Forgery refers to the production of fake documents such as passports and other forms of identification, which are sometimes used as “breeder” documents—administrative documents such as birth certificates, marriage records, and work and residence permits, that can be used to obtain other identification documents fraudulently.

The response of Europol and its partners involves coordination not just across borders but across crime areas that in other ways might seem to be connected either not at all or only remotely. Europol’s contribution is key at both the strategic and operational levels: it facilitates the exchange of intelligence, hosts operational meetings and provides tailored analytical support for ongoing investigations.

Forgery and terrorism

The perpetrators of the murderous attacks on the offices of Charlie Hebdo and on a Jewish supermarket in Paris in January 2015 committed a number of other lower-level crimes in preparation for their attacks. Among these was the use of a consumer loan obtained with forged documents. The perpetrators of the attacks on the Bataclan theatre in the same city 10 months later also used false documentation. Jihadists regularly travel on forged passports. And documents originally belonging to foreign terrorist fighters can be altered or used by lookalikes.

Europol continues to work at the strategic heart of the response to the elevated terrorist threat to the EU, connecting its information-exchange and analysis capabilities to support counter-terrorism investigations.

Forgery and the smuggling of migrants

Europol regularly supports operations that both stop the smuggling of migrants and disrupt the creation and use of the forged documents that facilitate the smuggling. These criminal activities, and the operations targeting them, are taking place against the backdrop of the ongoing migrant crisis. Organised crime groups are investing more heavily in the production of fake documents to support a growing criminal market associated with that crisis.

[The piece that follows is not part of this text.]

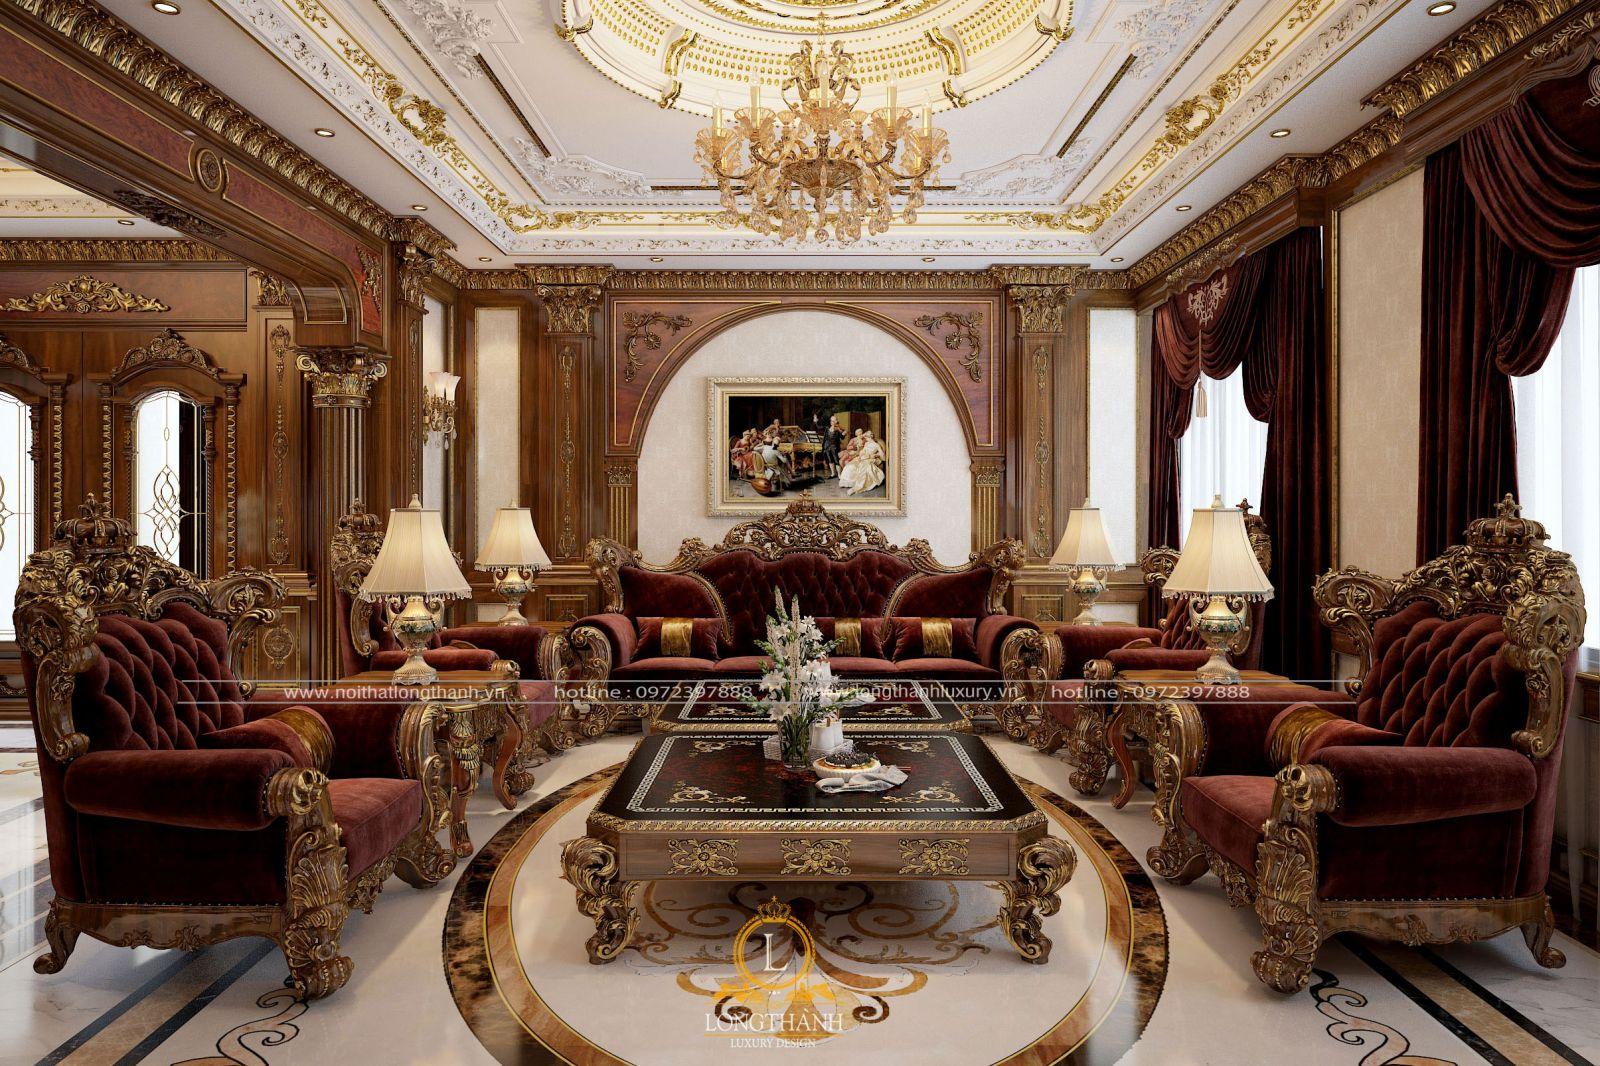 Bộ Sofa tân cổ điển với chất liệu gỗ Gõ đỏ bọc vải gấm cao cấp

One operation that Europol coordinated targeted a network of organised crime groups in Greece who were involved in the massive production and distribution of falsified or forged documents, including:

  • passports;
  • national ID cards;
  • Schengen visas;
  • driver's licences;
  • asylum seeker's registration cards;
  • residence permits.

The documents were shipped through courier companies to EU Member States and other countries in Africa, the Middle East and Asia, and were then used to allow irregular migrants to enter the EU or legalise their stay there.

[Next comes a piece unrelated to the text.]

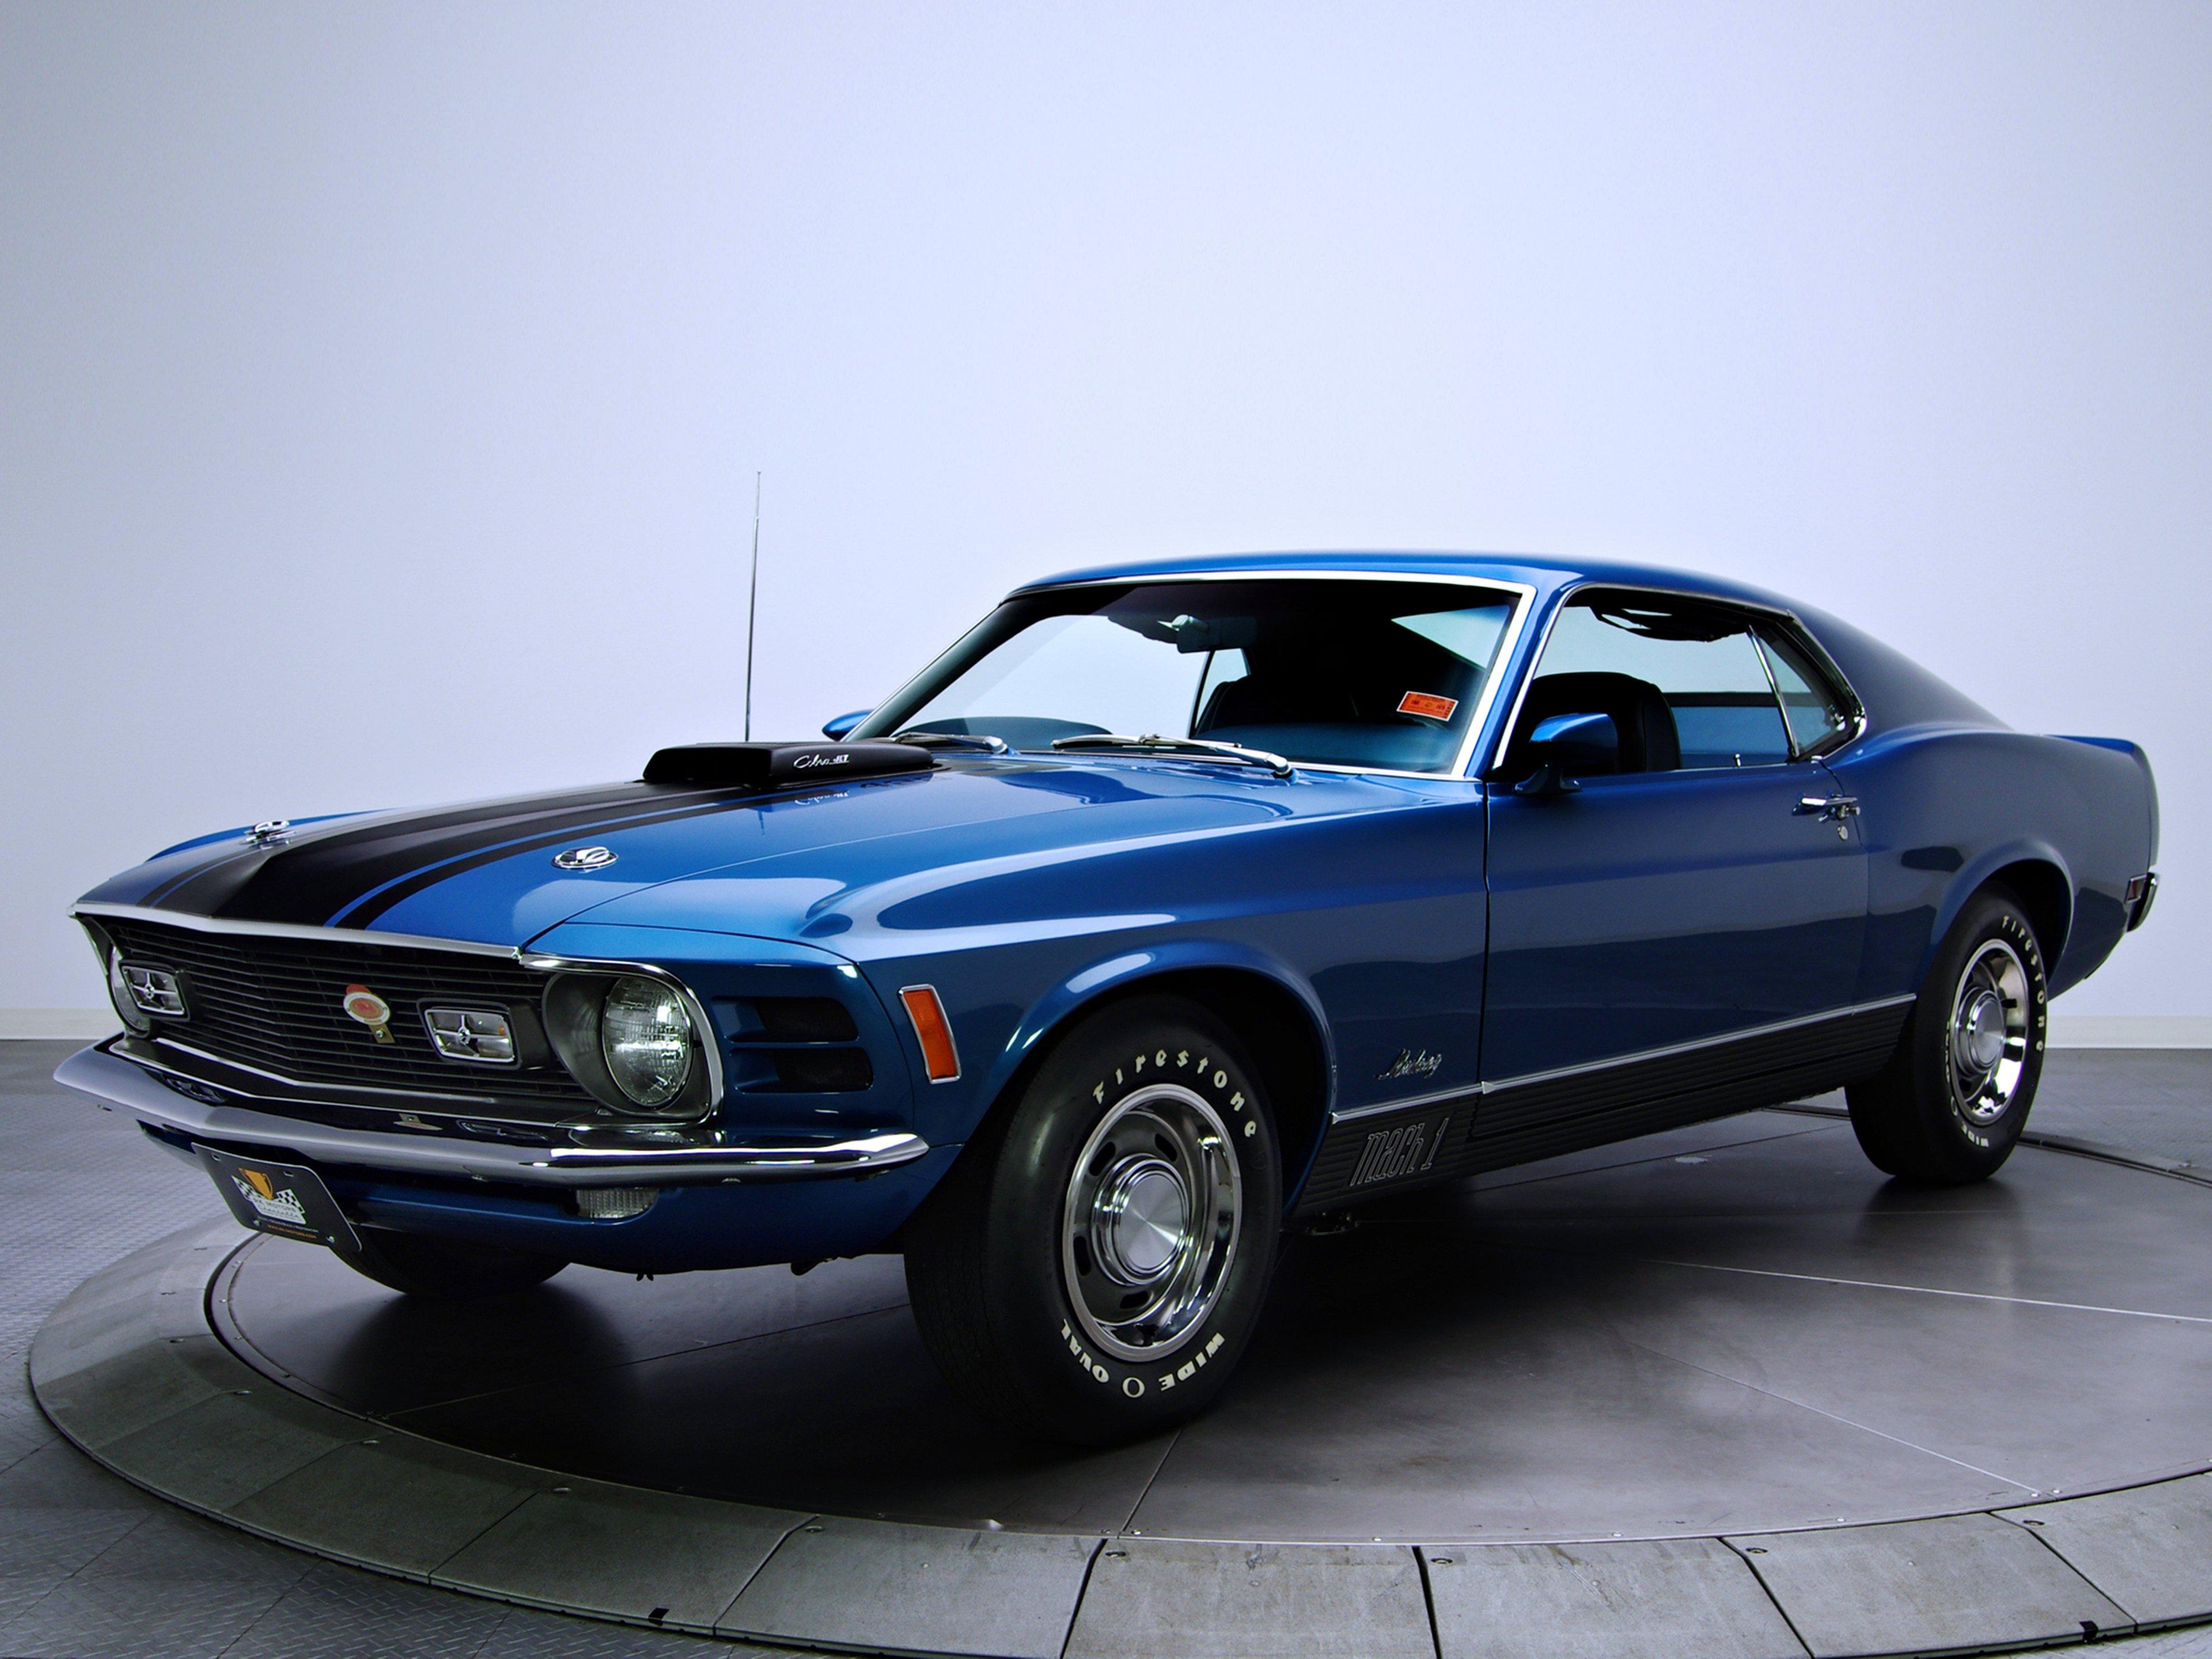 Mustang Mach Super Cobra Jet Cars Old Classic Motors

Forgery and trafficking in people for modern slavery

Organised crime groups make frequent use of forged or altered documents to traffic people for the purpose of sexual exploitation. The pattern is familiar: vulnerable women are recruited in their home country, lured by false promises of well-paying jobs in the EU. They are then trafficked to an EU country, sometimes being sexually exploited along the way and then put to work as prostitutes or escorts in hotels, massage parlours and nightspots. Their exploitation is coerced through such means as:

  • debt bondage
  • the withholding of identity documents
  • sexual and physical abuse
  • the use of drugs.

Europol is working hard with its partners to pursue the criminals who profit from these crimes. It is also adapting tools and strategies to take account of the global nature of these activities, and seeking to enhance cooperation with countries outside the EU, including those from which vulnerable women originate.